Transformers have become essential for capturing intra- and inter-dependencies in visual question answering (VQA). Yet, challenges remain in overcoming inherent comprehension biases and improving the relational dependency modeling and reasoning capabilities crucial for VQA tasks. This paper presents RMCB, a novel VQA model designed to mitigate these biases by integrating contextual information from both visual and linguistic sources and addressing potential comprehension limitations at each end. RMCB introduces enhanced relational modeling for language tokens by leveraging textual context, addressing comprehension biases arising from the isolated pairwise modeling of token relationships. For the visual component, RMCB systematically incorporates both absolute and relative spatial relational information as contextual cues for image tokens, refining dependency modeling and strengthening inferential reasoning to alleviate biases caused by limited contextual understanding. The model’s effectiveness was evaluated on benchmark datasets VQA-v2 and CLEVR, achieving state-of-the-art results with accuracies of 71.78% and 99.27%, respectively. These results underscore RMCB’s capability to effectively address comprehension biases while advancing the relational reasoning needed for VQA.

查看原文

微信好友朋友圈 QQ好友复制链接

本刊更多论文

实现具有偏见感知能力的视觉问题解答：纠正和减轻理解偏差

变换器对于捕捉视觉问题解答（VQA）中的内部和相互依赖关系至关重要。然而，在克服固有的理解偏差和提高对 VQA 任务至关重要的关系依赖建模和推理能力方面仍然存在挑战。本文介绍的 RMCB 是一种新颖的 VQA 模型，旨在通过整合来自视觉和语言来源的上下文信息以及解决两端潜在的理解限制来减轻这些偏差。RMCB 利用文本上下文为语言标记引入了增强的关系建模，解决了孤立的标记关系配对建模所产生的理解偏差。在视觉部分，RMCB 系统地将绝对和相对空间关系信息作为图像标记的上下文线索，完善了依赖关系建模，加强了推理能力，从而减轻了因上下文理解有限而产生的偏差。该模型的有效性在基准数据集 VQA-v2 和 CLEVR 上进行了评估，结果达到了最先进的水平，准确率分别为 71.78% 和 99.27%。这些结果凸显了 RMCB 在推进 VQA 所需的关系推理的同时有效解决理解偏差的能力。

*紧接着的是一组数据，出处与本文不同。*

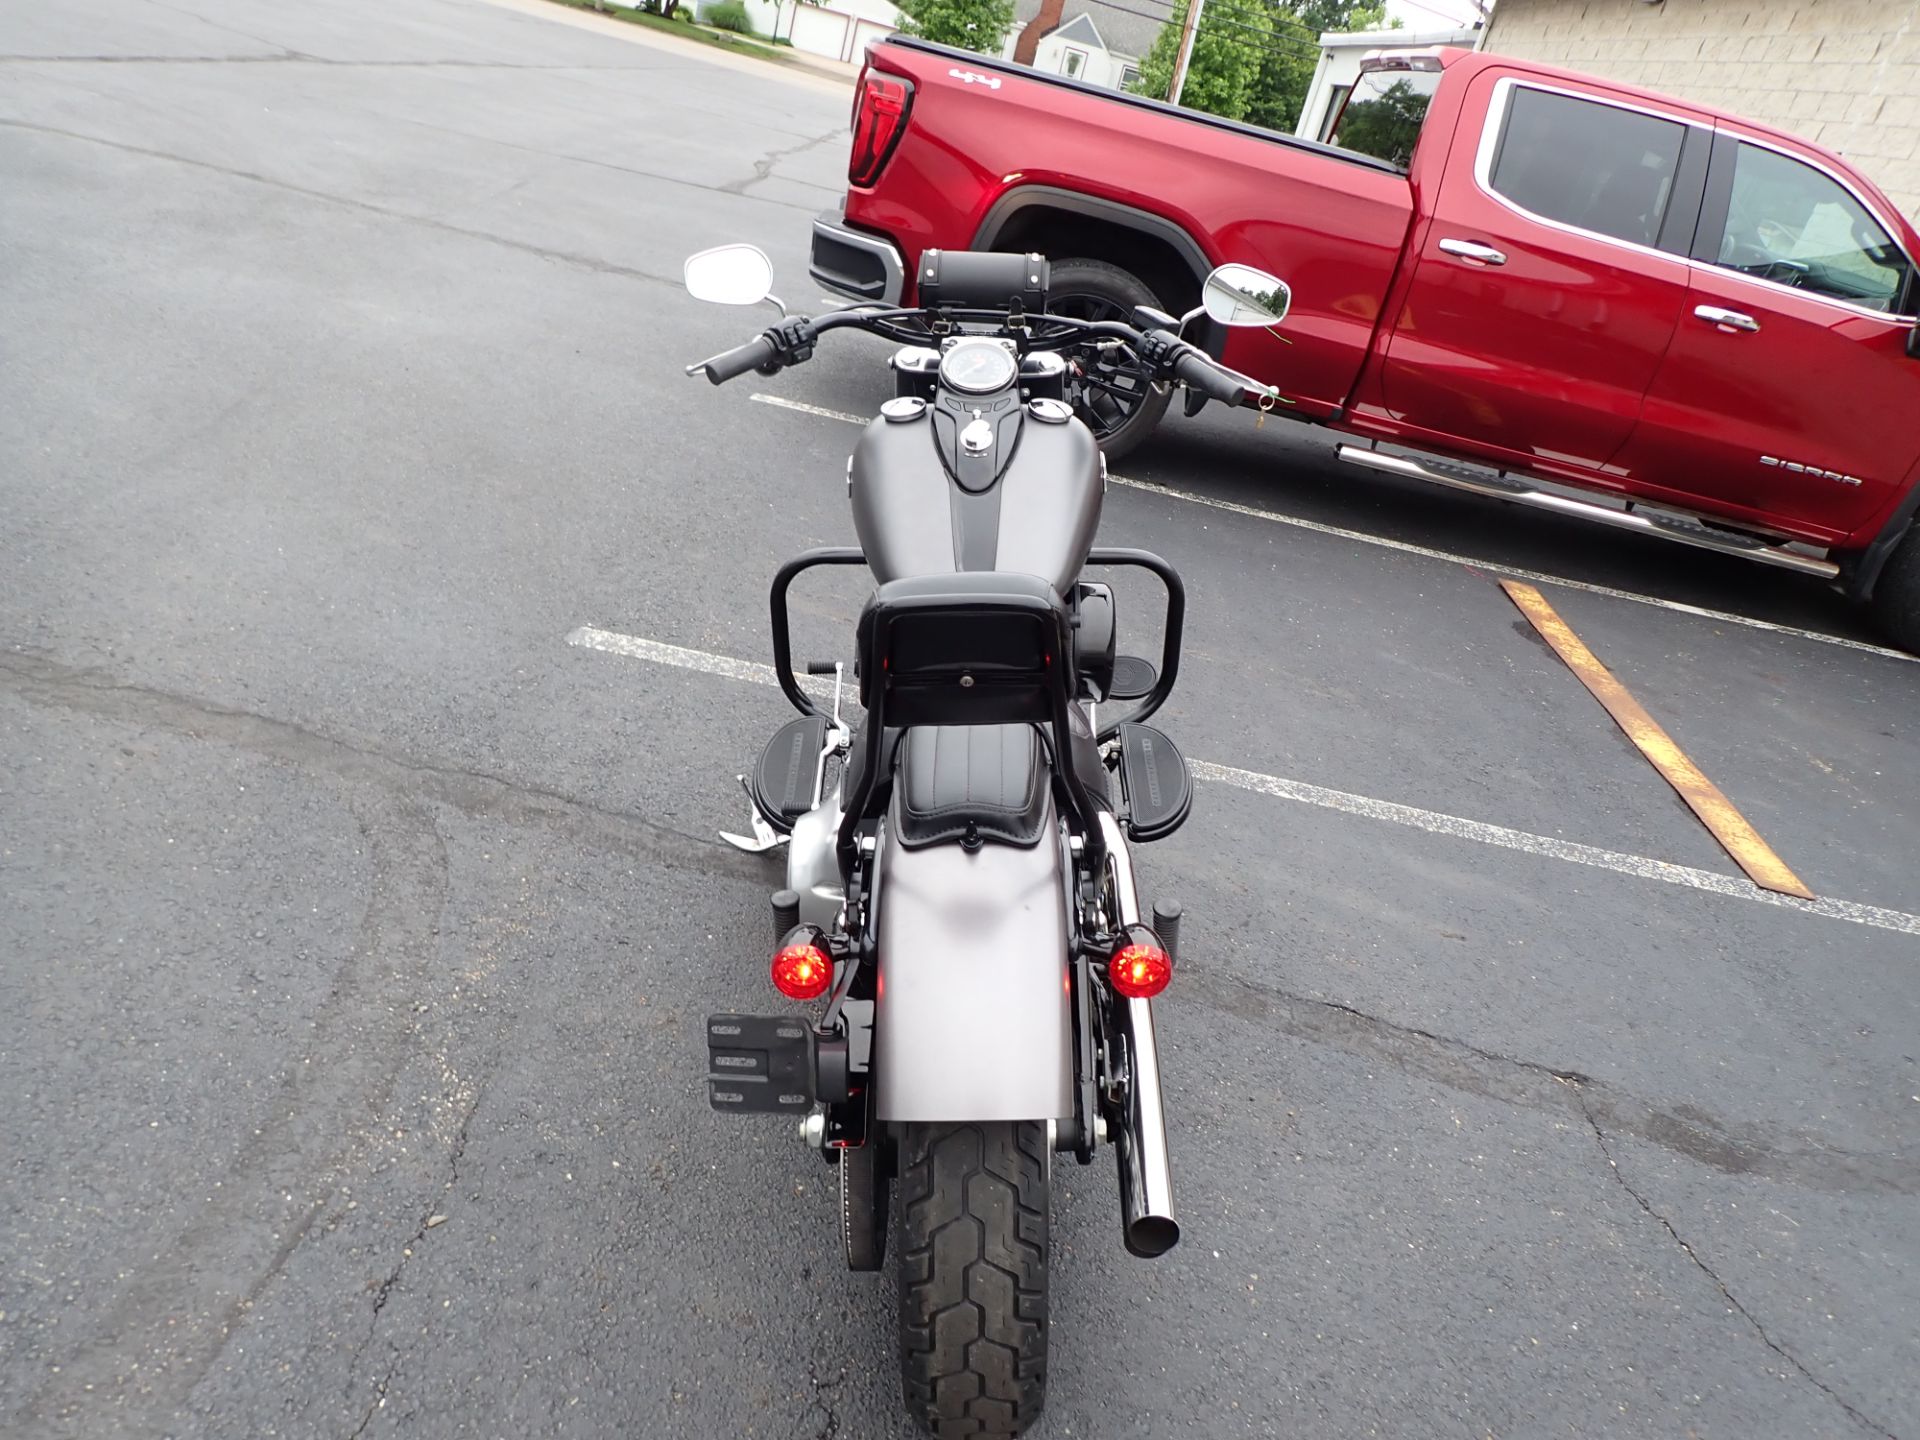 2015 Harley-Davidson Softail Slim® in Massillon, Ohio - Photo 16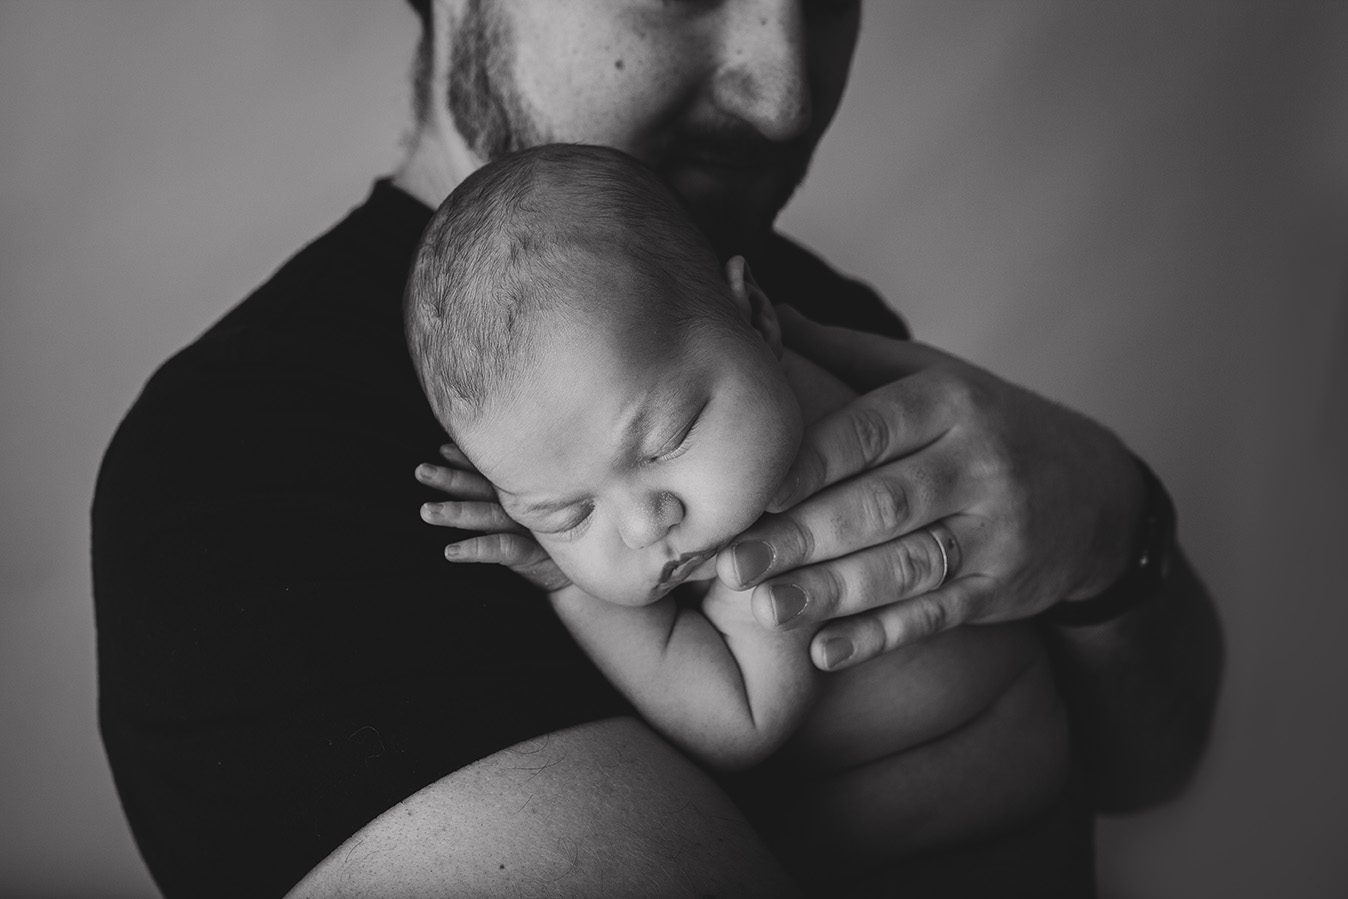 Edmonton newborn photographer - posed with daddy

本文章由计算机程序翻译，如有差异，请以英文原文为准。

求助全文

约1分钟内获得全文去求助

来源期刊

Expert Systems with Applications 工程技术-工程：电子与电气

CiteScore

13.80

自引率

10.60%

发文量

2045

审稿时长

8.7 months

期刊介绍： Expert Systems With Applications is an international journal dedicated to the exchange of information on expert and intelligent systems used globally in industry, government, and universities. The journal emphasizes original papers covering the design, development, testing, implementation, and management of these systems, offering practical guidelines. It spans various sectors such as finance, engineering, marketing, law, project management, information management, medicine, and more. The journal also welcomes papers on multi-agent systems, knowledge management, neural networks, knowledge discovery, data mining, and other related areas, excluding applications to military/defense systems.